When was the last time you tried trading plastic strips (with fancy colours) for food or water or anything valuable? Mine was in kindergarten or maybe early elementary years. So, do consider grabbing and holding onto some hard currency. Gold, silver, jewels. Things you can actually barter with. Depending on the crisis at hand, food, water, or antibiotics may be even more precious than gold and silver. While we’re looking at alternative forms of currency, and if the apocalypse allows it, consider seeds from plants that bear fruits. Preferably not from genetically modified plants, since seeds from most of these cannot grow after a couple of harvests.
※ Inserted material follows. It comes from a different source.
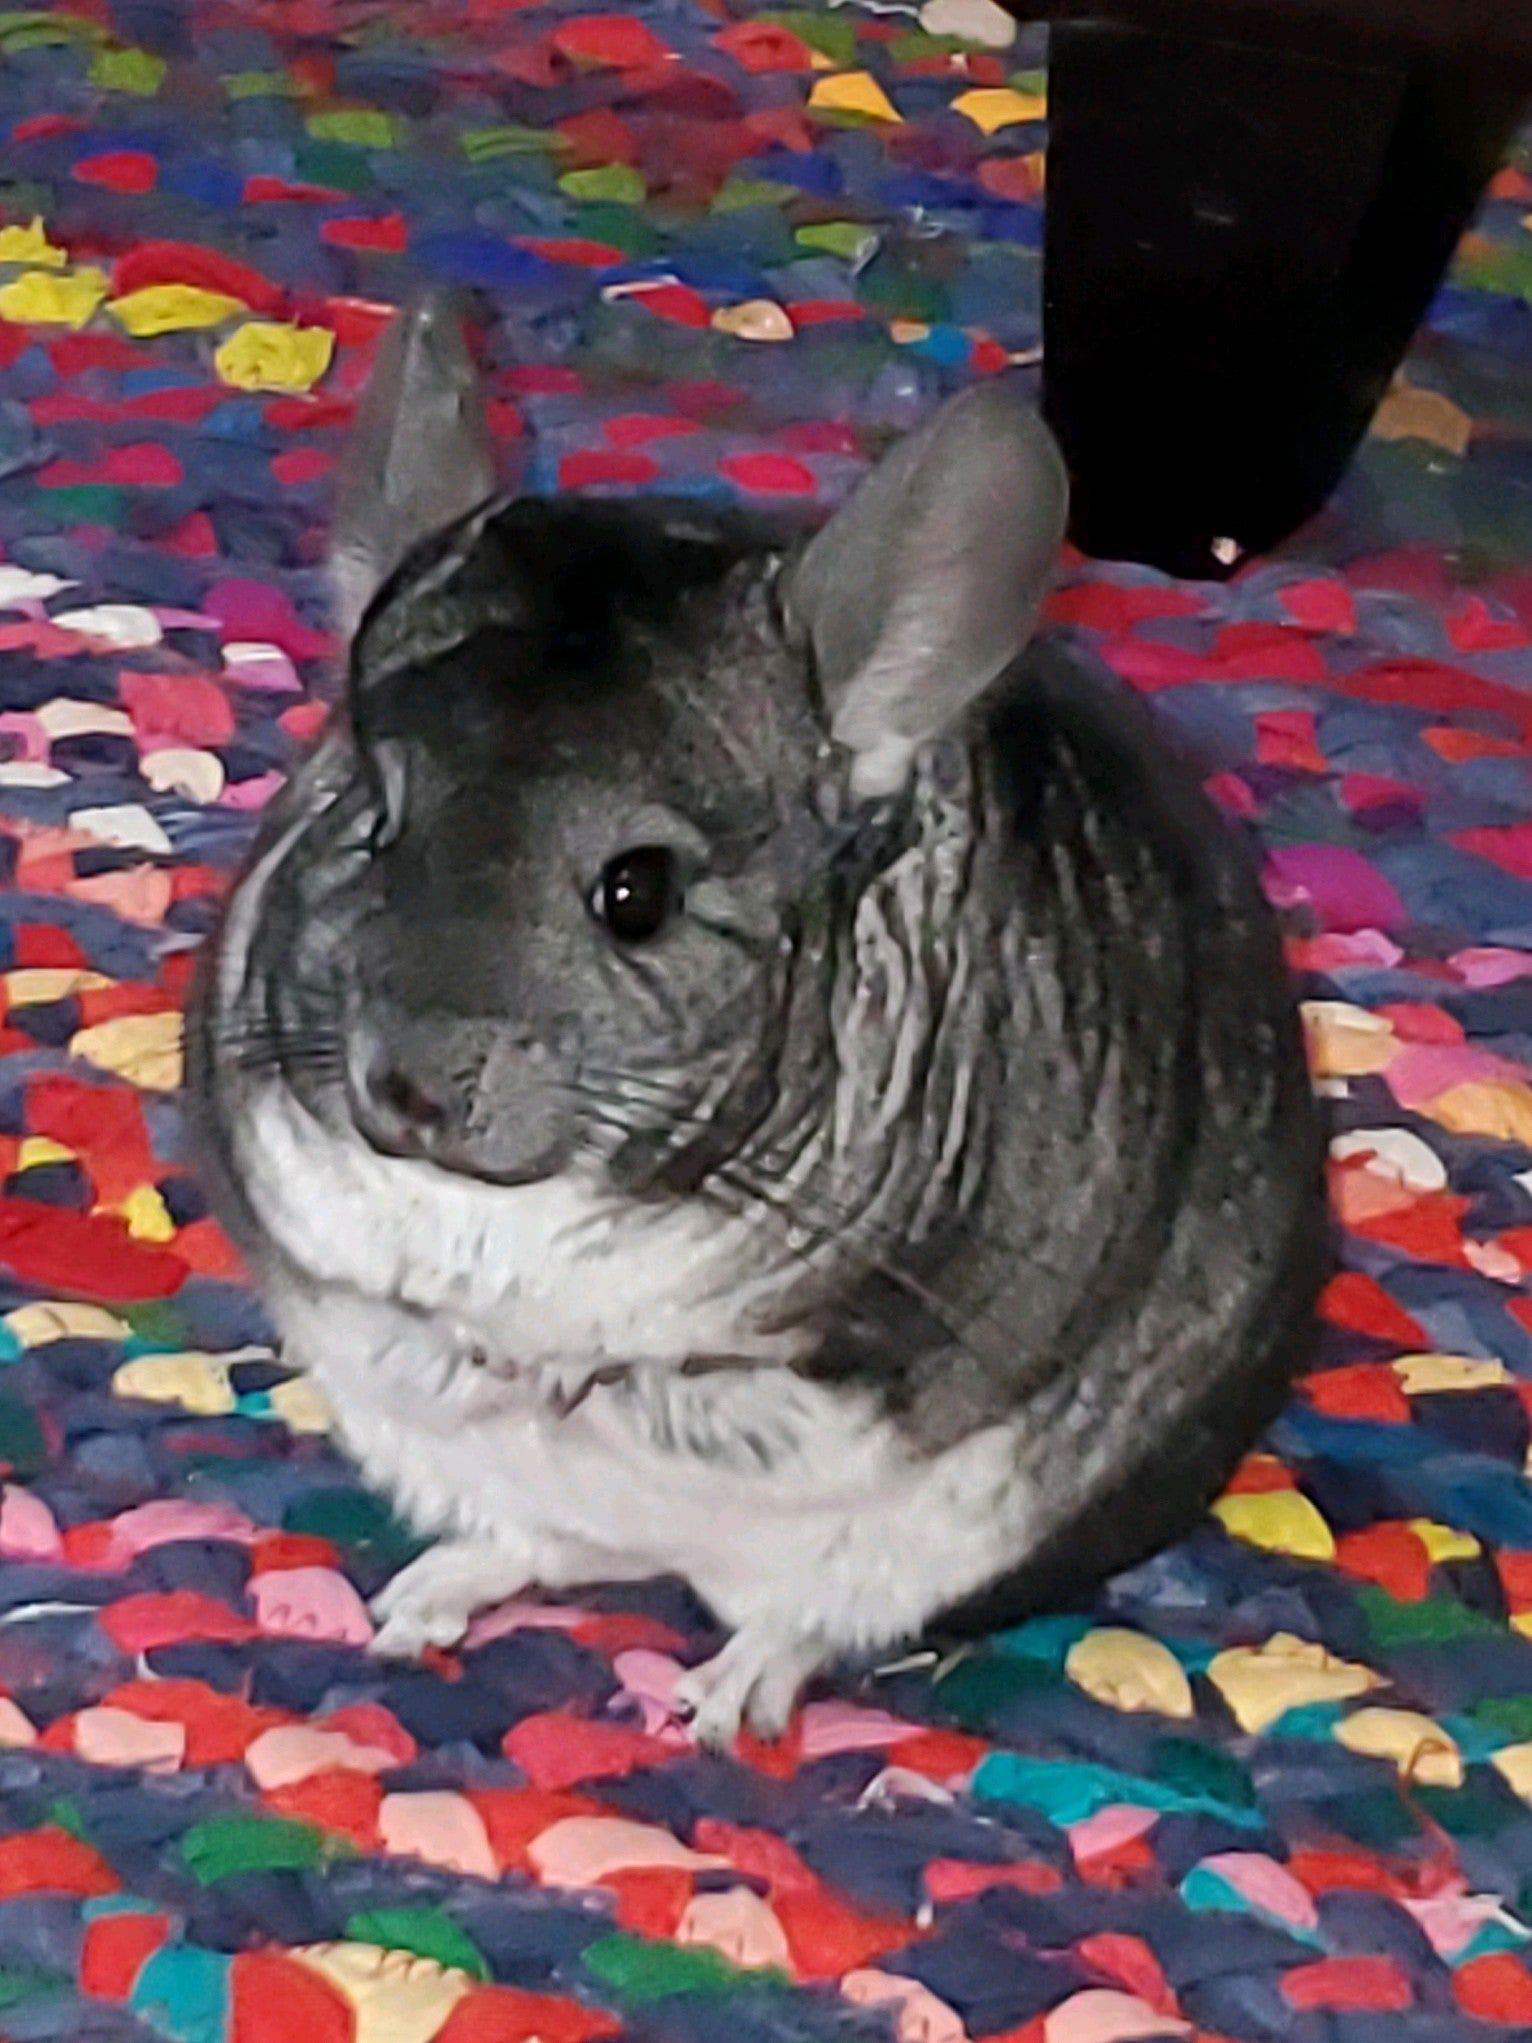 Chinchillas Of Reddit Meet Radnarok Www Chinchillastories Com Pets Animals Mammals Rodents Chinchilla In 2020 Cute Little Animals Pet Owners Animals

9. Warm and sturdy clothes
Imagine surviving whatever apocalypse befell the world, only to succumb to a cold or hypothermia. That would really suck. So, the next time you go to a shopping spree to buy the latest awesome and fashionable clothes, you may want to consider adding something less fashionable but more durable and warm.
Yeah, that also goes without saying, however, how long will it be practical for? Assuming the apocalypse at hand is here to stay for the foreseeable future, how many bullets will you be able to carry around? And how much weight will that add to your backpack? What will you do with the gun once you have no more bullets? Throw it at the enemy? Maybe, if it’s heavy and reliable.
And there you have it, folks. Now, I tried my best to take something grim that potentially could scare a lot of people, and turn it into an enjoyable read. A lot of people take the end of the world seriously. Even if the end never comes during our lifetime, it’s always best to be prepared, right?